20 novembro 2009

O Outro Poder (o caso bairro Bom Jesus-Santa Cruz do Sul)

Deu no jornal Gazeta do Sul (19-11-09): “Na mesma reunião (com a comunidade!) em que anunciaram o fim da venda de crack no bairro Bom Jesus (Santa Cruz do Sul), traficantes também “proibiram” que o bairro seja utilizado por ladrões como esconderijo de motos furtadas”.
A magistral filósofa Hannah Arendt (1906-1975), nascida alemã e depois naturalizada norte-americana, sintetizou que o fenômeno da violência (e seu incremento) é decorrência da ausência de/da política.
Leia-se “política”, aqui, por favor, como expressão de todo esforço organizado e racional de superação de diferenças sociais, econômicas e culturais, por exemplo.
E, também, não se trata apenas de superação das diferenças, mas sim, principalmente, do esforço de identificação e de mediação das diferenças.
Trago esta reflexão à tona haja vista que se disseminou um clima de insegurança em todas as comunidades de nosso imenso país.
O vertiginoso crescimento e a organização das ações criminosas, associadas às dificuldades operacionais dos órgãos repressivos, bem como a histórica impunidade, refletem o sentimento generalizado de um estado de pânico, quase uma síndrome nacional.
A predominância desse sentimento, desse estado emocional, prejudica a racionalidade das ações necessárias e nos afasta, cada vez mais, da solução das questões relacionadas à violência e à segurança pública.
Evidentemente, há que se ter respostas práticas e objetivas para o enfrentamento da criminalidade, seja pelo aparelhamento e reforço policial-repressivo, seja pelo reexame e adoção de outros modelos punitivos na área judicial e penal.
Mas, de qualquer modo, são alternativas que não sufocam os núcleos geradores da violência, eis que estes continuam intocáveis e não superáveis devido a não vontade da sociedade e da não ação política (ação de governo, ação de poder de estado).
Esclareça-se que a não ação política não é responsabilidade única e isolada do parlamento, por exemplo, ou do judiciário, ou do executivo. Do mesmo modo, a não ação da sociedade não é algo que possamos identificar de modo personalizado e responsabilizado. Mas é um fenômeno que se traduz num estado de inércia e contemplação coletiva.
Porém, se o estado se omite, se a sociedade se omite, em partes ou no todo, os vazios de organização e poder civilizado são ocupados por outras formas de organização e poder, regra geral pelo predomínio do medo e da violência. Não há vácuo de poder!

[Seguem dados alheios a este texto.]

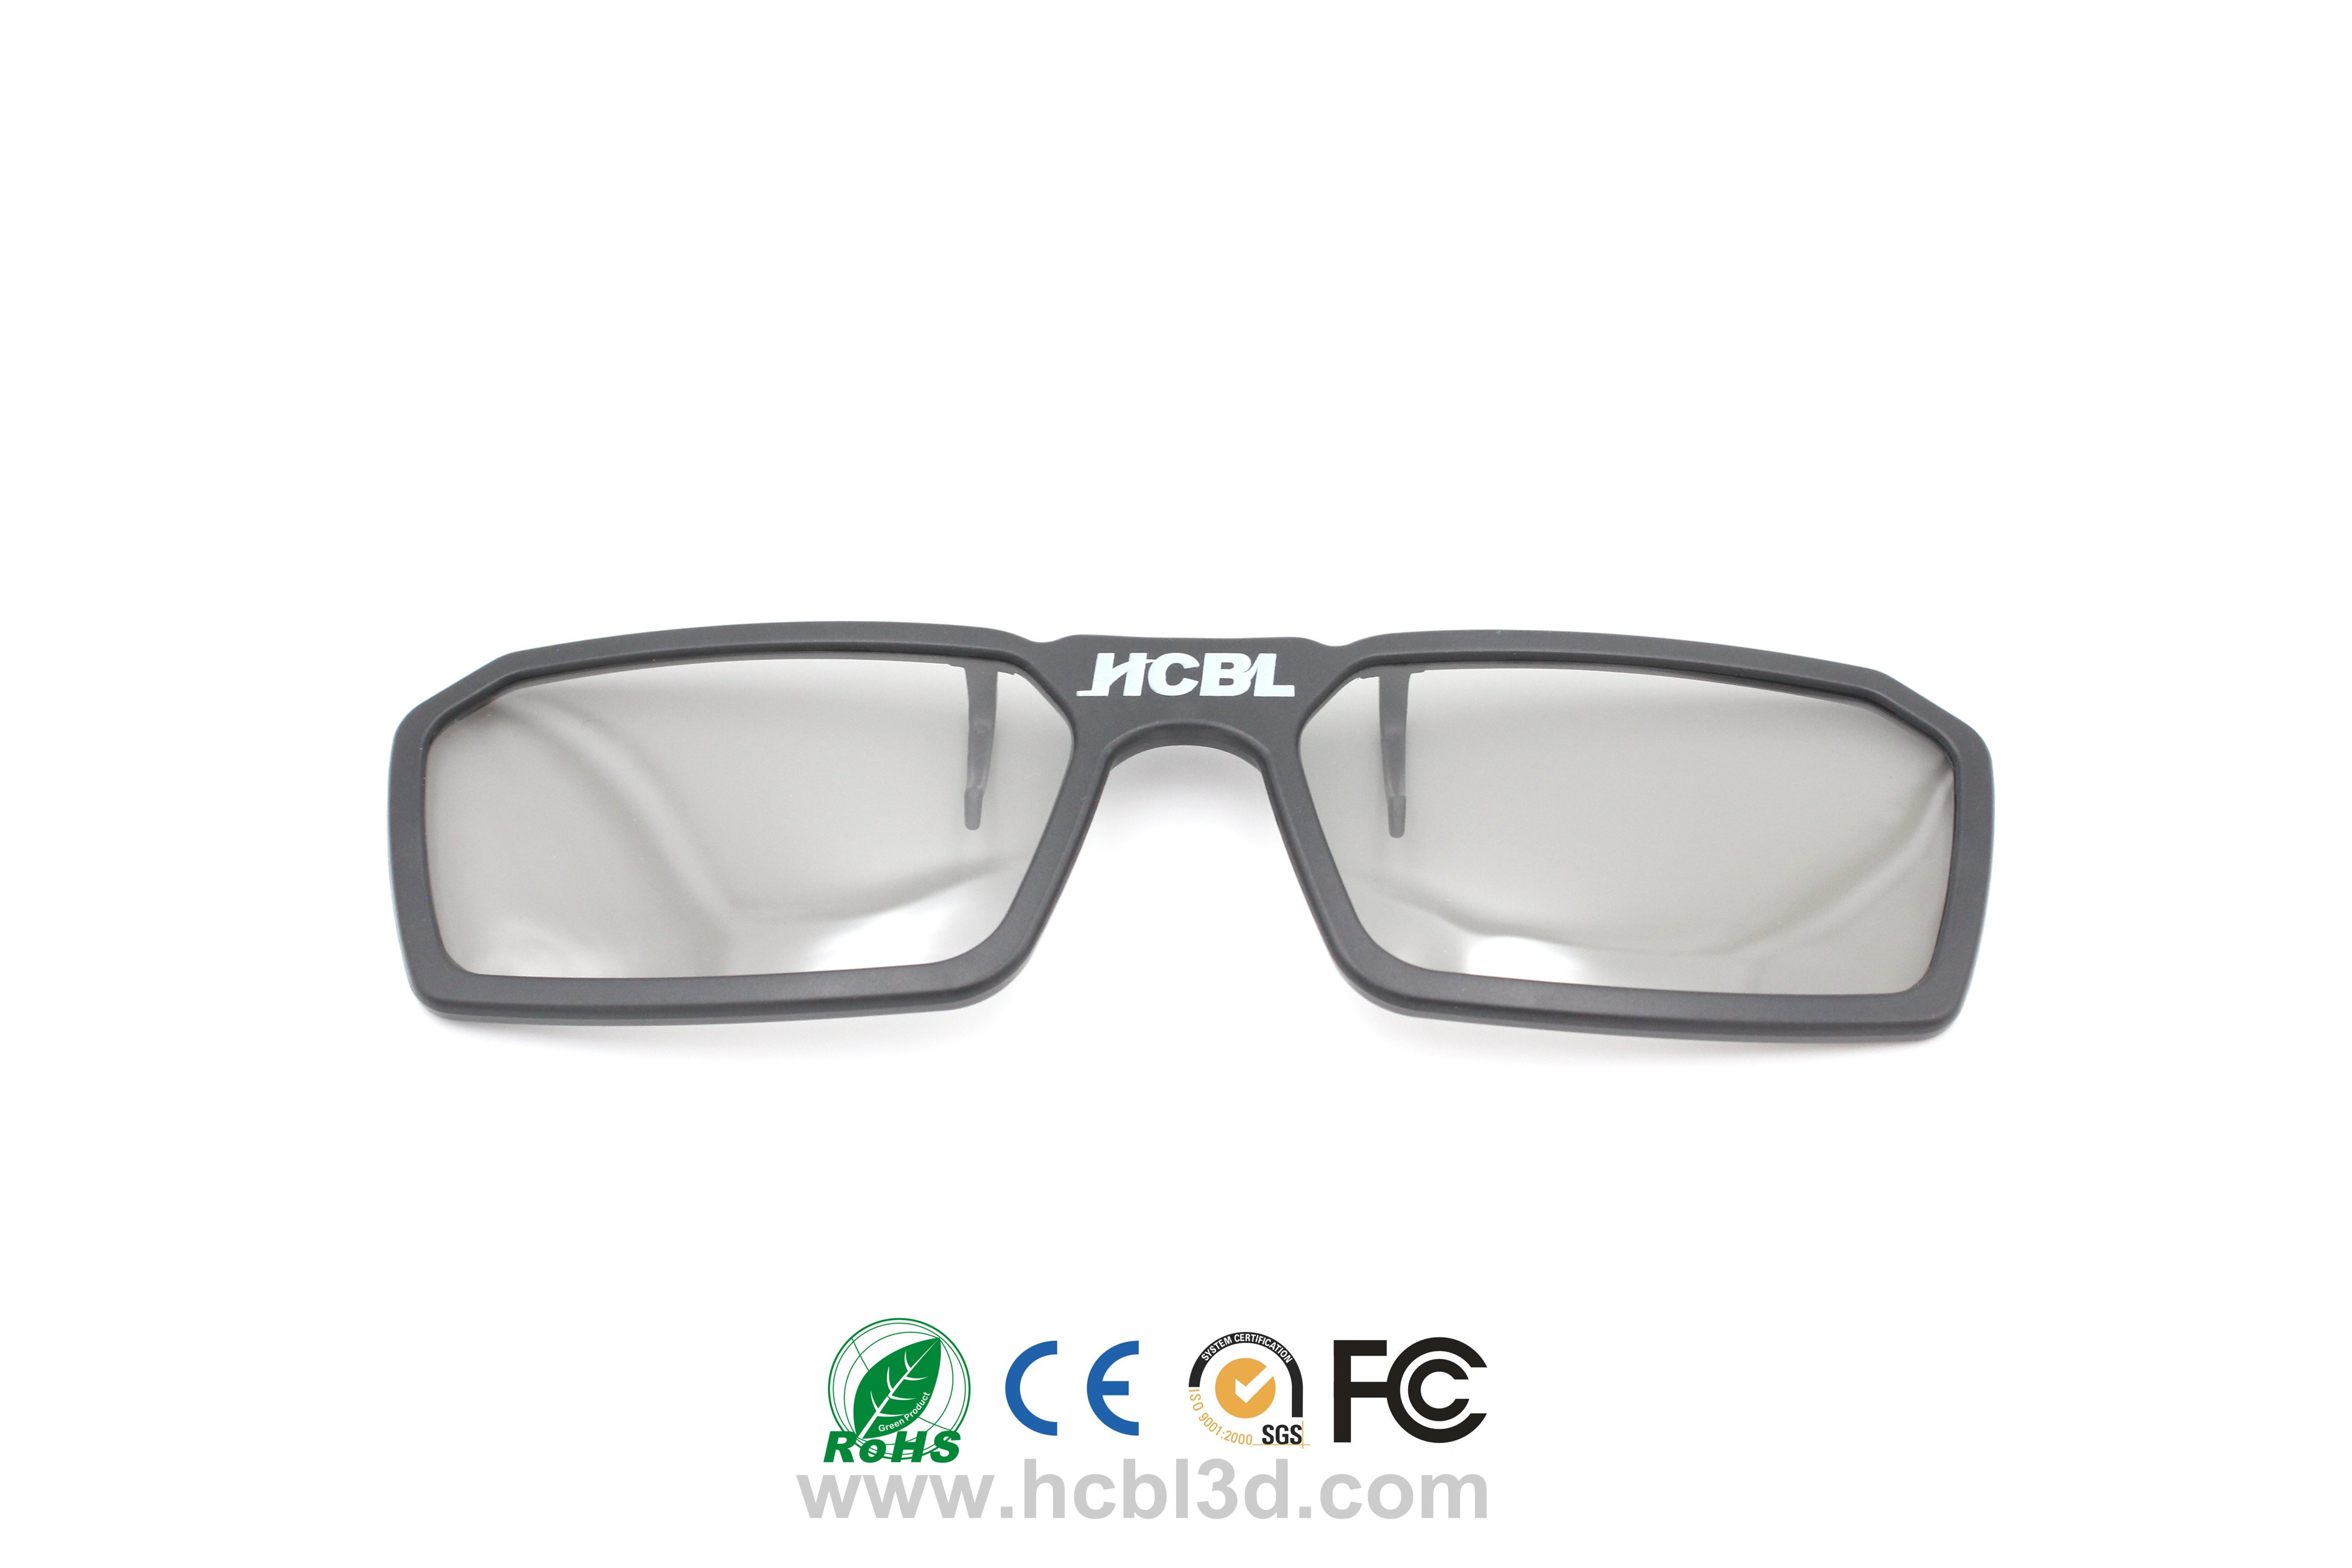 Gafas 3D miópicas Con lentes polarizadas circulares / lineales / Gafas 3D desechables / reciclables Pasivas

Exemplo nacional de agilidade e operacionalidade de (re) organização dos núcleos de poder nas localidades onde o estado não se faz presente são as favelas cariocas, amplamente dominadas pelo narcotráfico. Mas já não é “privilégio” do Rio de Janeiro. Todas as grandes cidades têm núcleos geográficos dominados.
Neste sentido, dado o “andar da carroça” em território nacional e a descrição da natureza do processo de ocupação dos vácuos de poder, não deveria haver surpresas com as notícias recentes que dão conta das “deliberações e ultimatos” do outro poder de estado no bairro Bom Jesus!